Warner Bros. is ending its run in mainland China’s multiplex biz.
Move will affect six theaters operated by Warner Bros Intl. Cinemas, including three in which it holds a controlling stake, two others under construction and a planned complex in downtown Shanghai. That complex was supposed to become the city’s version of Hollywood’s Walk of Fame, the company said in a statement issued in Shanghai on Tuesday.
A Warner Bros. spokesman in Los Angeles said, “While we are disappointed that we must stop our investments in cinemas due to significant regulatory changes of foreign investment in the Chinese cinema industry, we remain committed to our other businesses in China.”
Those businesses include local-language film production, a homevideo joint venture, consumer products and studio stores. All of them, he said, “have different legal structures, business models and regulatory requirements.”
Regulations on ownership were toughened late last year after a period of temporary relaxation. New rules prevent foreign companies from owning a majority stake in a cinema, stipulating that “Chinese mainland investors must own at least 51% or play a leading role in their joint ventures with foreign investors.”
WB Intl. Cinemas will sell its stakes in the affected theater developments, but a Warner spokesman said it’s unclear whether properties will be picked up by the joint venture partners or third parties.
The modern plexes have tended to become leaders in their local markets. Revenue from the company’s mainland theaters last year totaled 120 million yuan ($15 million), or 6% of a mainland market estimated at $250 million in 2005. Chinese theatrical market is estimated to be growing at 25%-30% a year on a combination of multiplex building and rising ticket prices. WBIC estimates that current year growth is 35%.
Despite the potential offered by a market expanding at that speed, WBIC has run out of patience with rules it viewed as preventing it from controlling their businesses.
“After looking at all the possible solutions in the past one year, WBIC has no other options than to stop its investments in cinemas in the (China) market,” the Warner spokesman said.

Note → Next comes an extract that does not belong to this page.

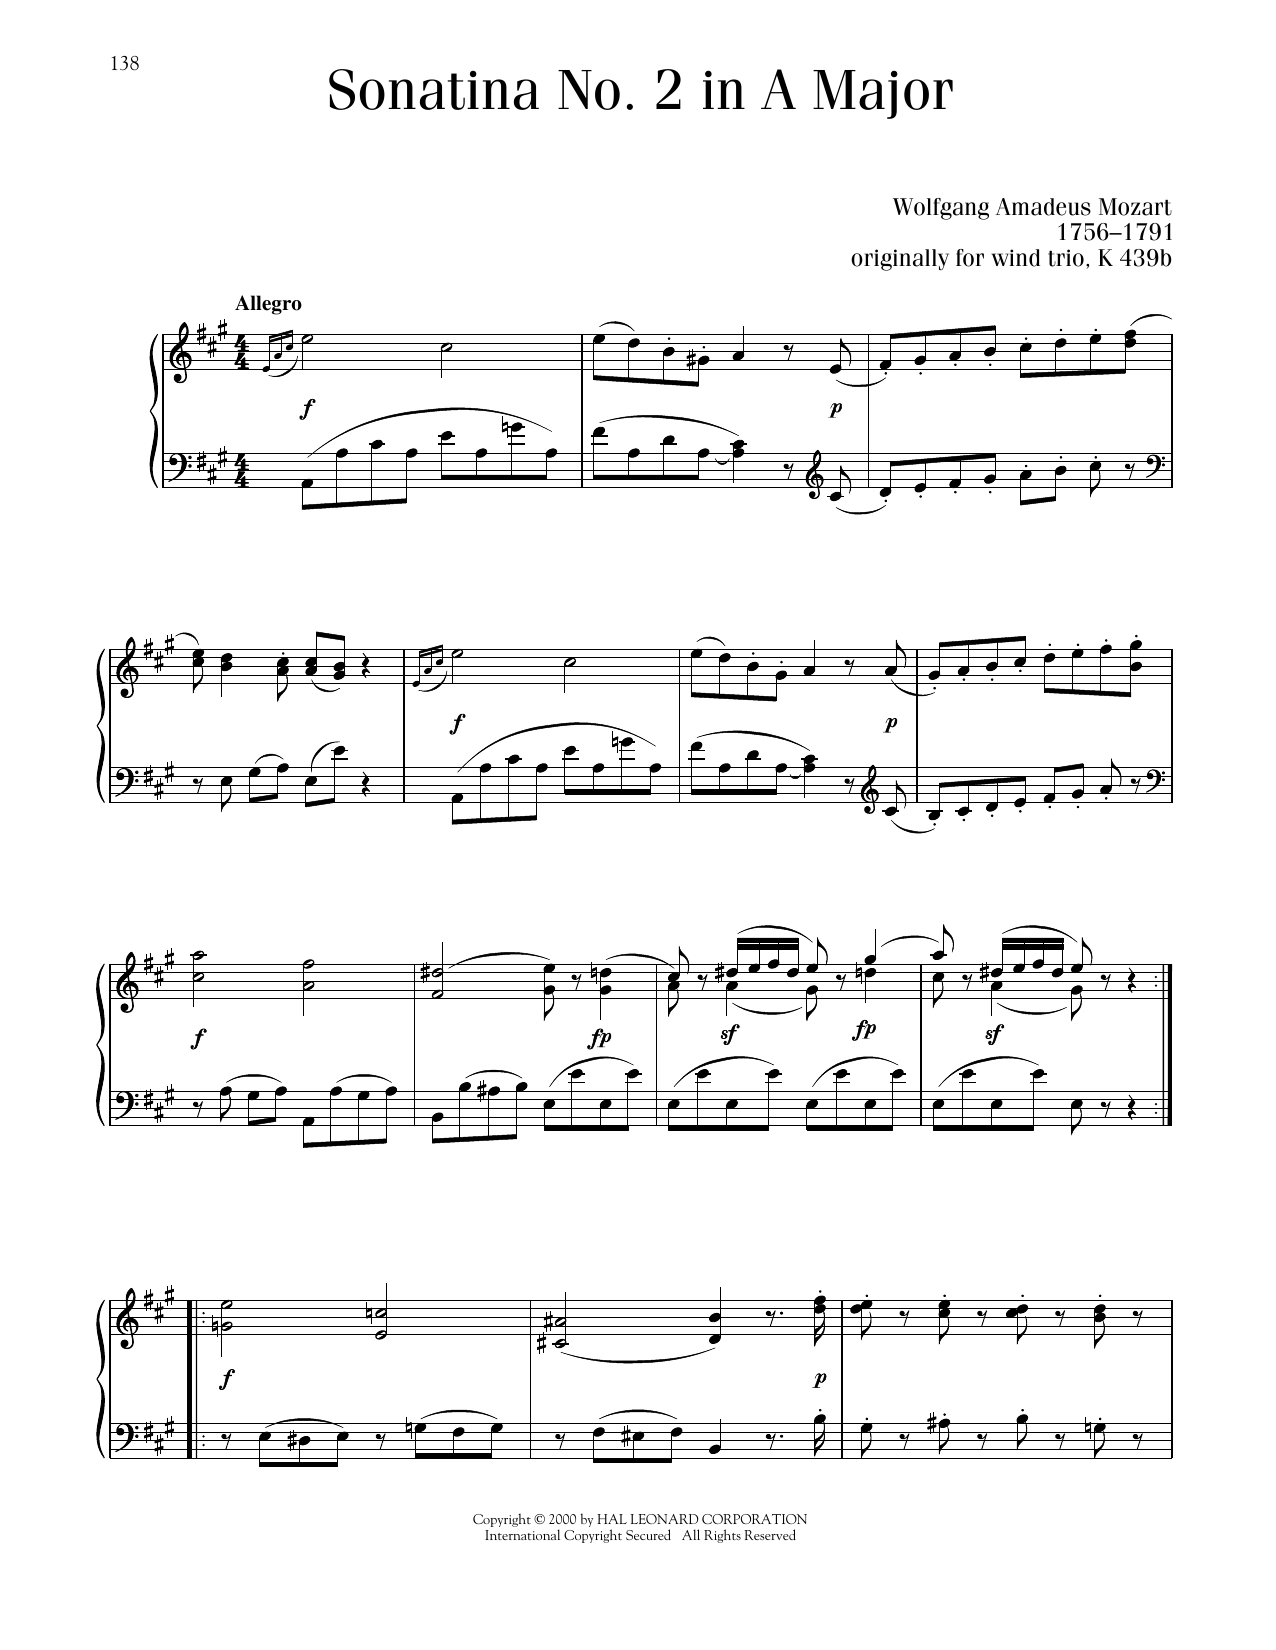 Wolfgang Amadeus Mozart Sonatina No. 2 In A Major sheet music notes printable PDF score

In an experimental relaxation that began in 2003, foreign investors were allowed to own 75% stakes in cinemas that would be built in cities the Chinese authorities considered to be underscreened. Through separate joint ventures, WBIC took a 51% stake in a plex in Nanjing and acquired a majority share in two others, Chongqing and Guangzhou.
WBIC hoped the regs would become permanent and be extended nationwide if operations went well. But in December, shortly after China issued the “Several Opinions on Foreign Investment in Culture Industry” advisory, WBIC prexy Millard Ochs said it would reconsider its Chinese investments if it could not get the control it needed (Daily Variety, Jan. 30).
This summer, WBIC was still optimistic that the deadlock could be broken and relocated its international multiplex design function to Shanghai from Glasgow.
September saw another warning from Ochs about regulatory issues, even though local real-estate developer Shimao announced it had signed a memorandum of understanding with WBIC to redevelop Shanghai’s Wangjing department store into a major entertainment complex (Daily Variety, Sept. 7).
“We are hopeful that an environment can be created that will allow our international cinema business to return,” company said Wednesday.